▶ _Problem requirements_:
Only the lines running from the line with "Cola Gallery - 2016 Weil am Rhein" to the end of the listing below should be copied, exactly, without pictures.

▶ _Supplied information_:
*** Block opens ***

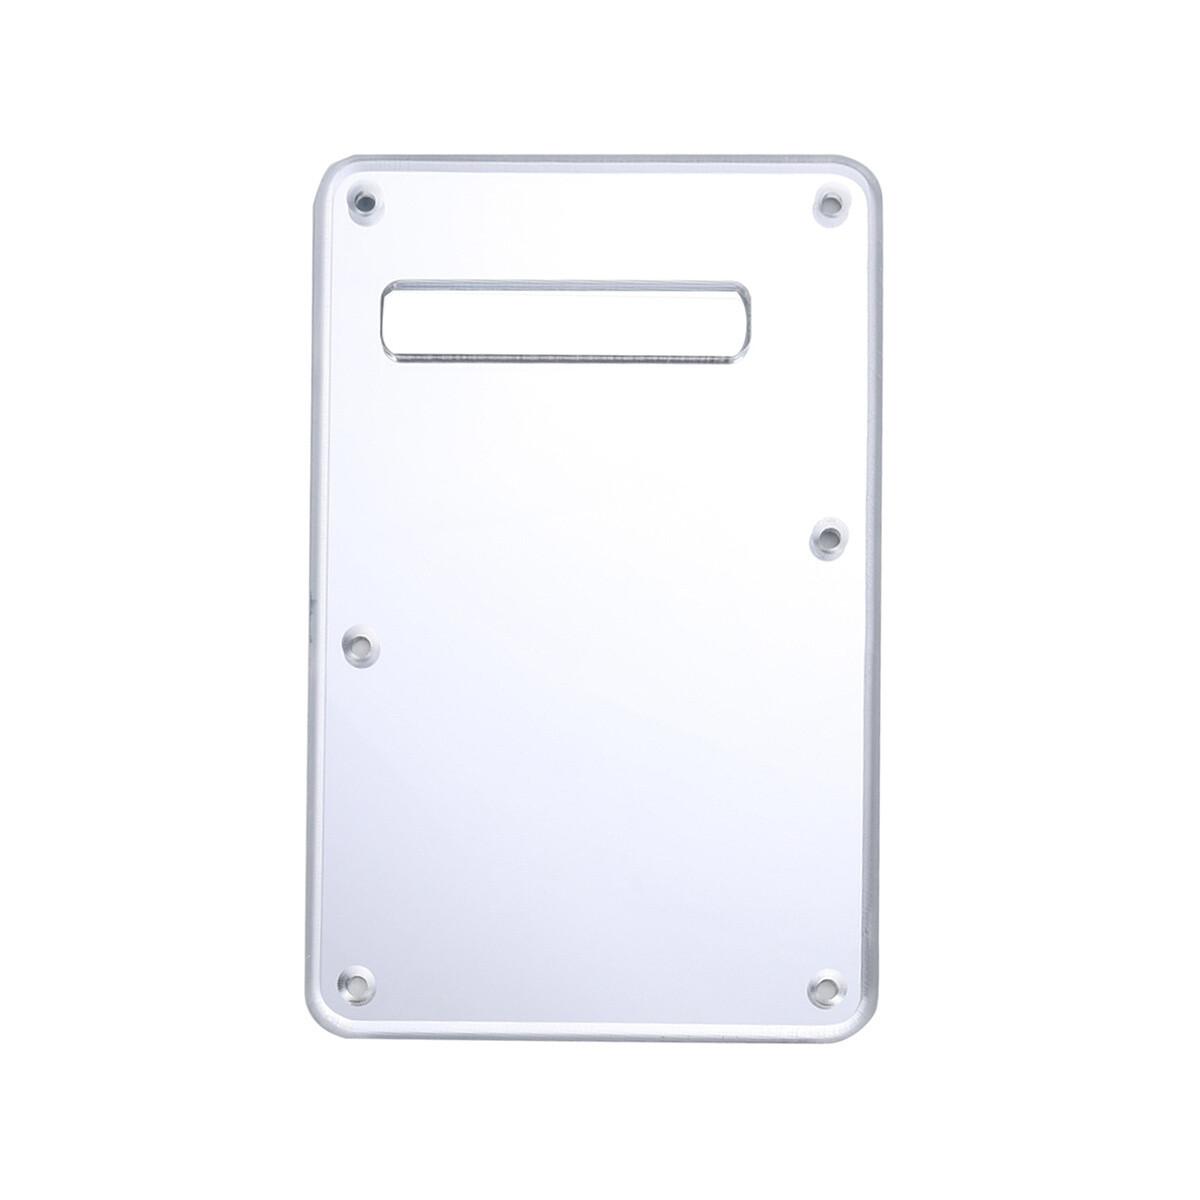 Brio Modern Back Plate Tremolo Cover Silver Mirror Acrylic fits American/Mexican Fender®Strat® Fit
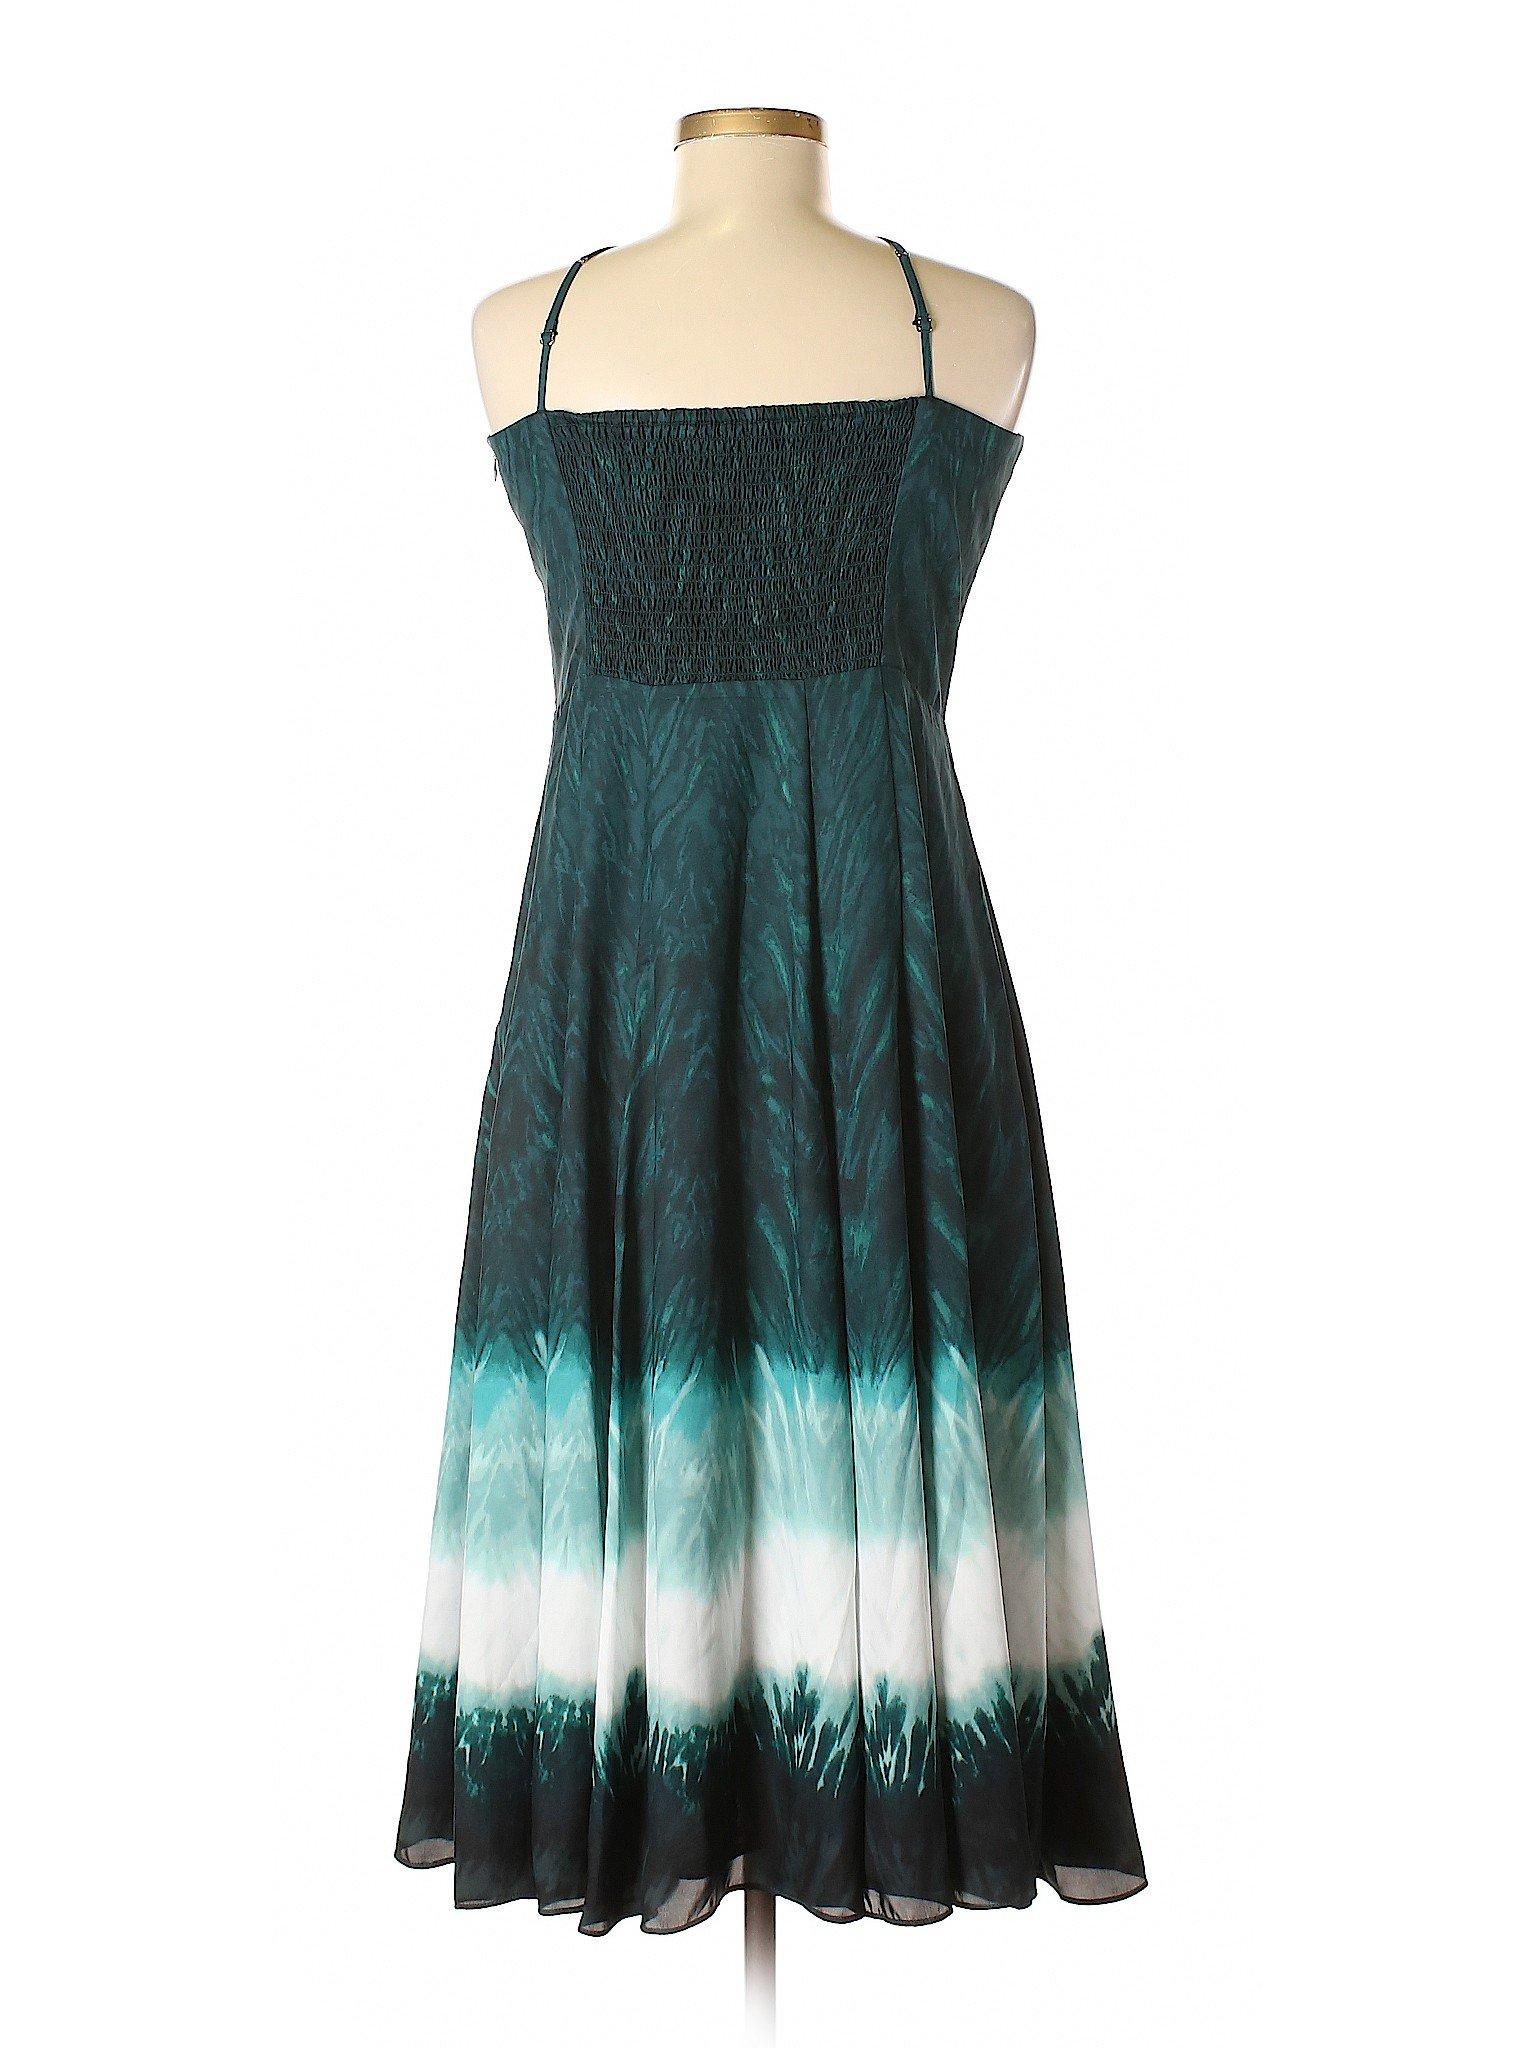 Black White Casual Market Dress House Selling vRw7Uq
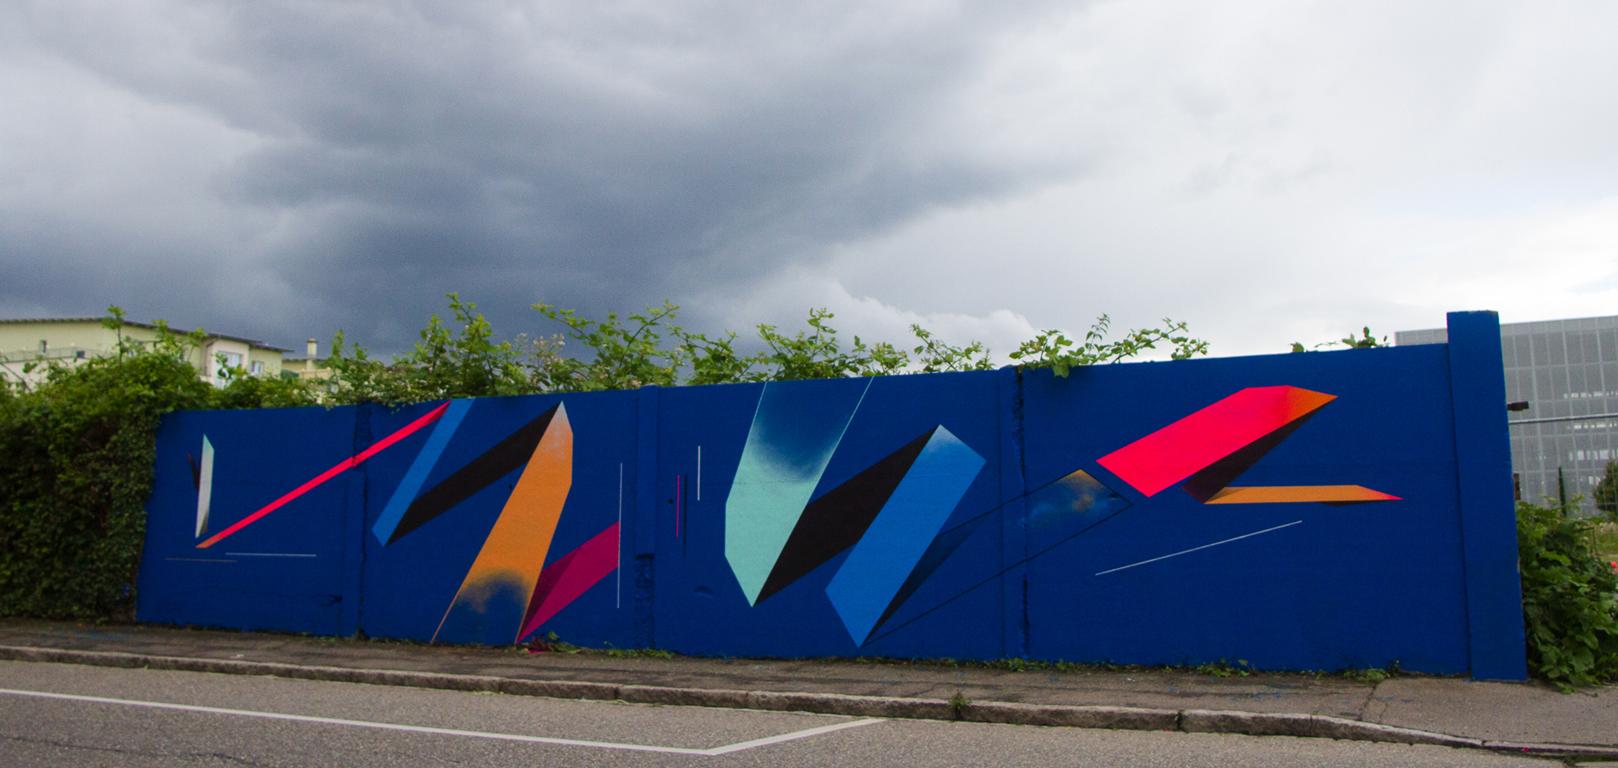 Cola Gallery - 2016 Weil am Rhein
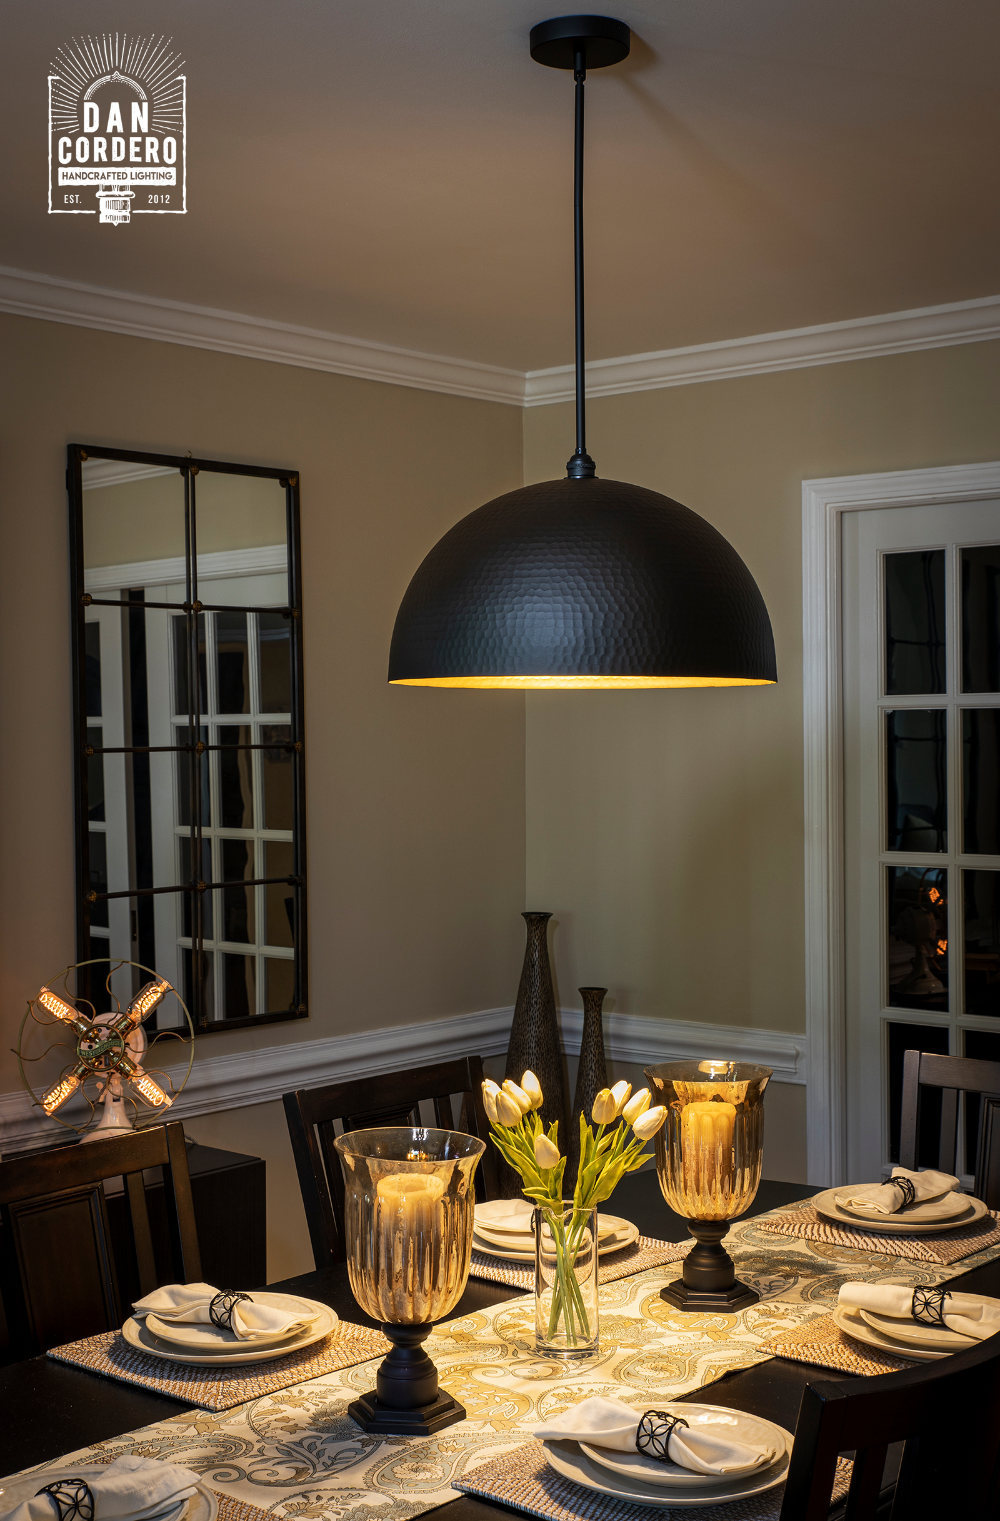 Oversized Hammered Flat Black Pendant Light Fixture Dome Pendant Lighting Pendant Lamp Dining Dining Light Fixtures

*** Block closes ***

▶ _Solution to the exercise_:
 Cola Gallery - 2016 Weil am Rhein
 Oversized Hammered Flat Black Pendant Light Fixture Dome Pendant Lighting Pendant Lamp Dining Dining Light Fixtures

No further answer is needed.